Role Overview
Own the design, fine-tuning, optimization, and production deployment of large language models (LLMs) for domain-specific use cases. You will build high-performance RAG systems, optimize prompts/agents, operate inference at scale, and champion engineering best practices while driving research and innovation.
Key Responsibilities
- LLM Engineering: Design, fine-tune, and optimize models such as GPT, Claude, Gemini, LLaMA, and Falcon for domain-specific applications.
- RAG Systems: Build and operate retrieval-augmented generation pipelines (ingestion, chunking, embedding, indexing, retrieval, re-ranking) using vector databases (FAISS, Pinecone, Weaviate, etc.).
- Prompt/Agent Optimization: Develop prompt templates, chains, and agents with LangChain/LlamaIndex; implement guardrails, tool-use, and memory.
- Model Deployment (LLMOps): Implement, monitor, and scale inference endpoints with MLflow, Docker, and Kubernetes; manage versioning/registry and safe rollouts (blue-green/canary).
- Performance Optimization: Evaluate and continuously improve accuracy, latency, and cost (batching, caching/KV-cache, quantization, speculative decoding).

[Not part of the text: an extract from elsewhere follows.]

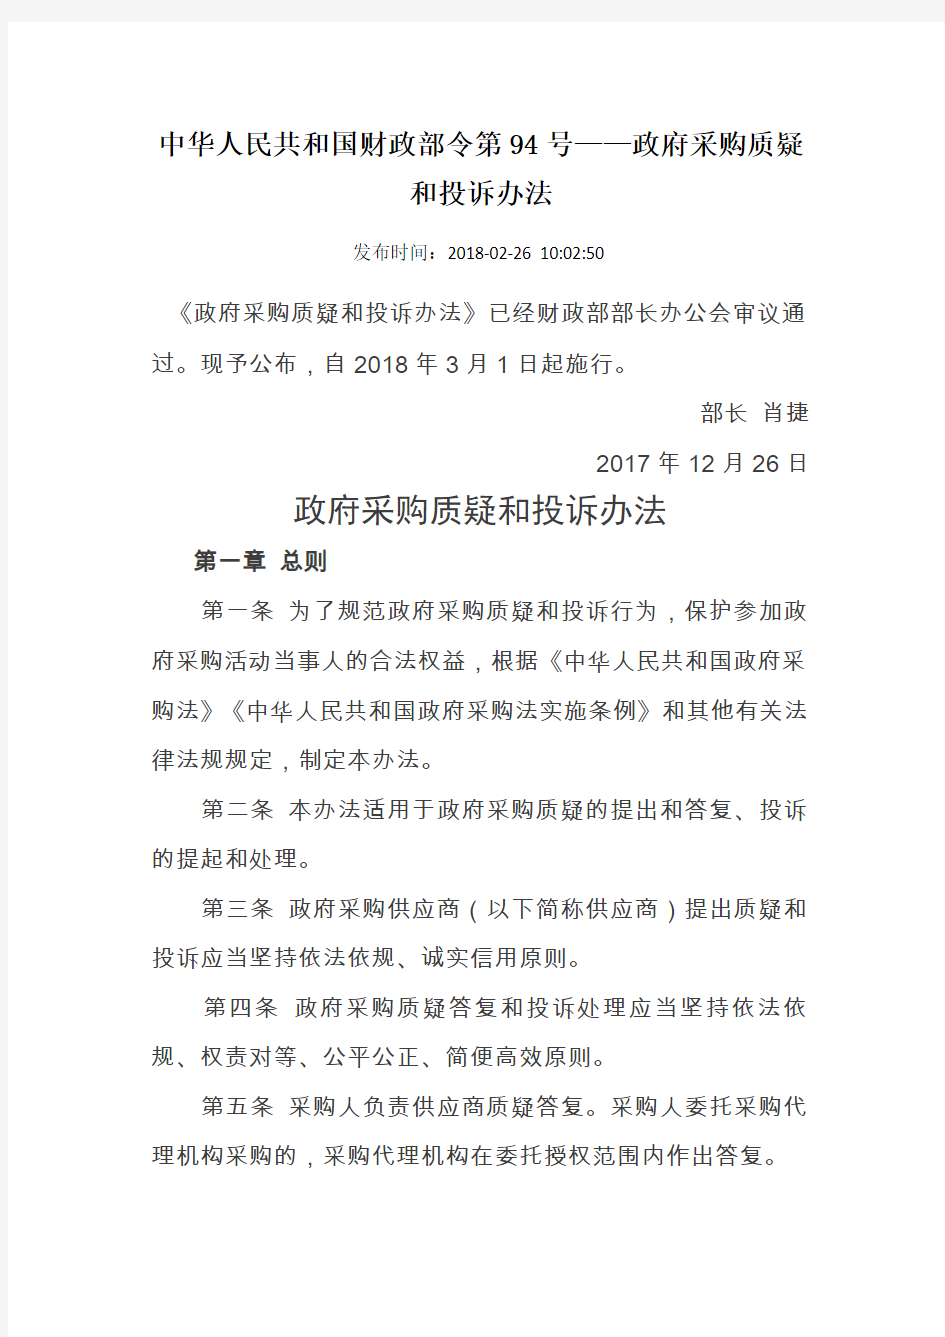 中华人民共和国财政部令第94号——政府采购质疑和投诉办法
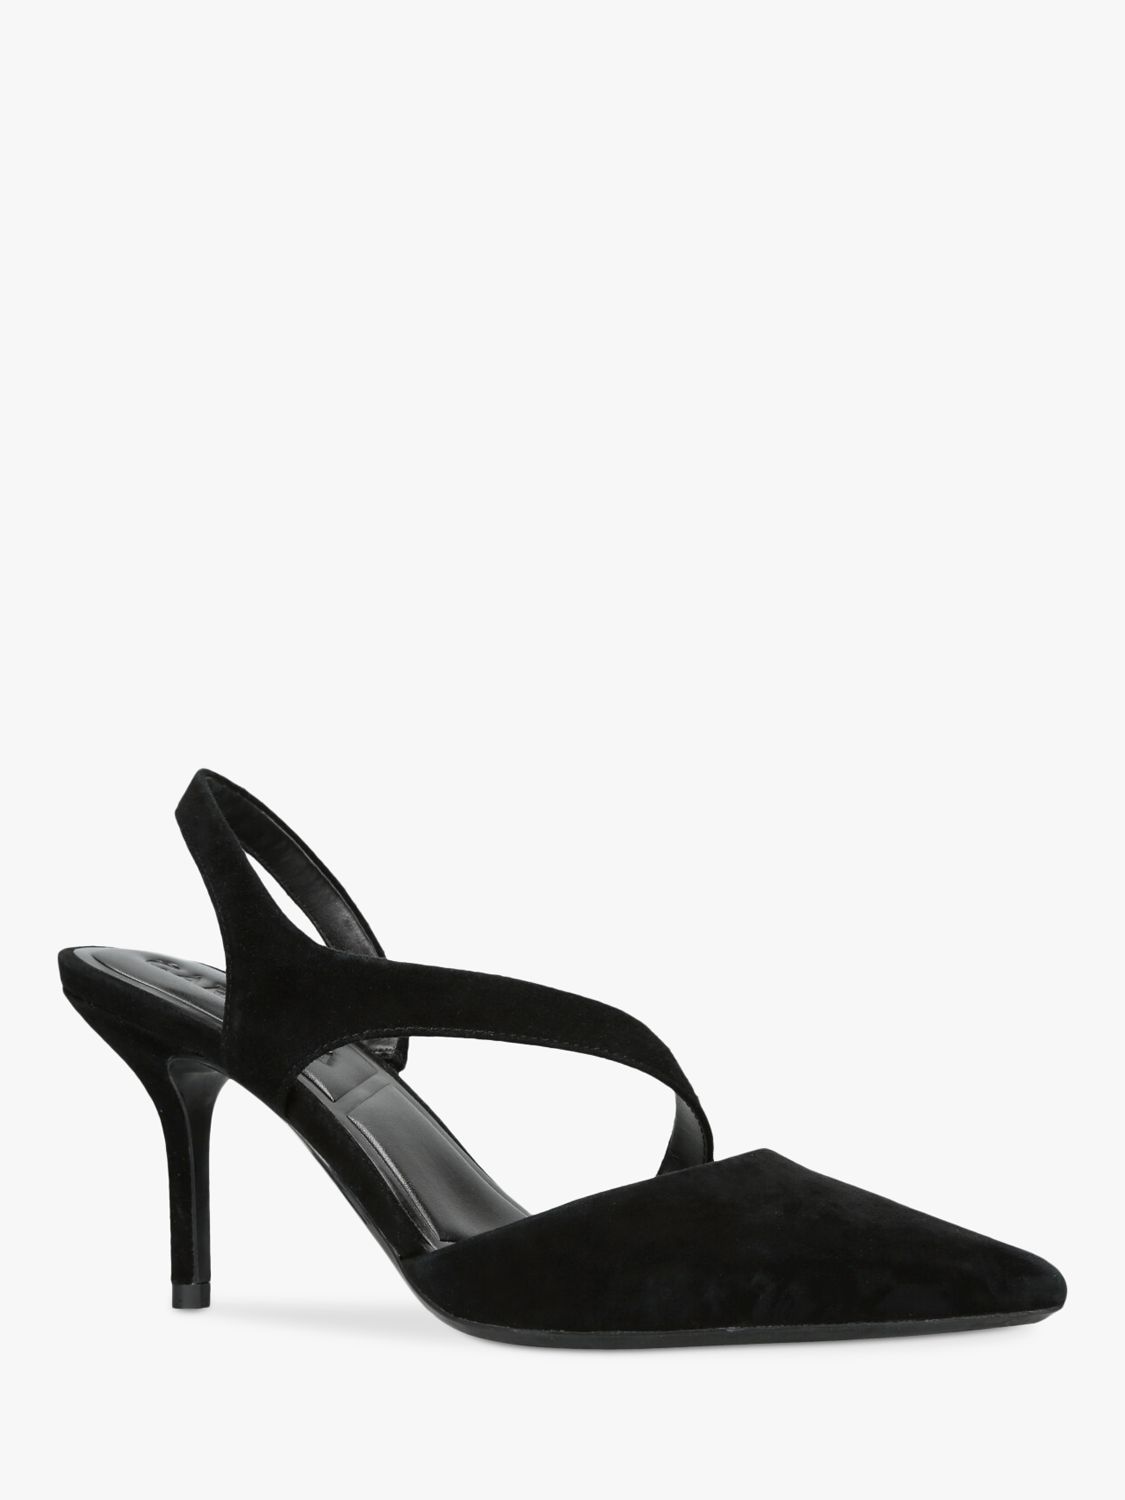 Carvela Symmetry Suede Court Shoes, Black, 3

- Collaboration & Mentoring: Review code, set best practices for AI software engineering, and mentor junior engineers.
- Research & Innovation: Track advances in LLMs, multimodal AI, and open source; lead PoCs, benchmarking, and knowledge sharing.
Required Qualifications
- Education: Bachelor's or Master's in Computer Science, Artificial Intelligence, or related field (PhD preferred).
- Experience:
- 5+ years in machine learning/NLP.
- 2+ years working directly with LLMs or GenAI applications.
- Technical Skills:
- Proficiency in Python and ML frameworks (PyTorch/TensorFlow) and Hugging Face Transformers.
- Hands-on with LangChain, LlamaIndex, or SDKs for OpenAI/Anthropic/Cohere/Gemini.
- Strong understanding of embeddings, tokenization, and vector search/retrieval.
- Familiarity with MLOps, CI/CD, and cloud (AWS/Azure/GCP); containerization with Docker/Kubernetes.
- Experience integrating AI APIs (OpenAI, Anthropic, Cohere, Google Gemini).
- Soft Skills: Excellent problem-solving and communication; comfortable leading projects and mentoring teammates.
Preferred/Bonus
- Experience with model distillation and fine-tuning open-source LLMs (LoRA/QLoRA, PEFT).
- Exposure to multimodal AI (text + image + audio/voice), TTS/ASR, VLMs.
- Familiarity with AI safety, bias/fairness, privacy, and governance/compliance frameworks.
- Cost/performance tuning: quantization (INT8/INT4), speculative decoding, throughput optimization.
Success Metrics (KPIs)
- Model quality (task-specific metrics: accuracy/recall, hallucination rate, BLEU/ROUGE/WER as applicable).
- System performance & cost (P95 latency, throughput, cost per request).
- Reliability (SLO/SLA, error rates) and delivery velocity (lead time, deployment frequency).
- Knowledge impact (PoC production conversions, docs/best practices, mentoring outcomes).
Tools & Environment
- Model/Serving: HF Transformers, vLLM/TensorRT-LLM, Triton, Ray/Modal (as applicable).
- Vector/RAG: FAISS, Pinecone, Weaviate, Milvus; re-ranking (e.g., Cross-Encoder/ColBERT).
- Ops/Observability: MLflow, Prometheus/Grafana, OpenTelemetry, Weights & Biases.
- Data: Airflow/Prefect, dbt, Spark (as needed).
Benefits (customizable)
- Competitive compensation with performance/PoC success bonuses.
- Learning budget/certifications and conference attendance.
- Dedicated GPU credits/resources for R&D; open-source-friendly environment.
- Comprehensive insurance and flexible work arrangements.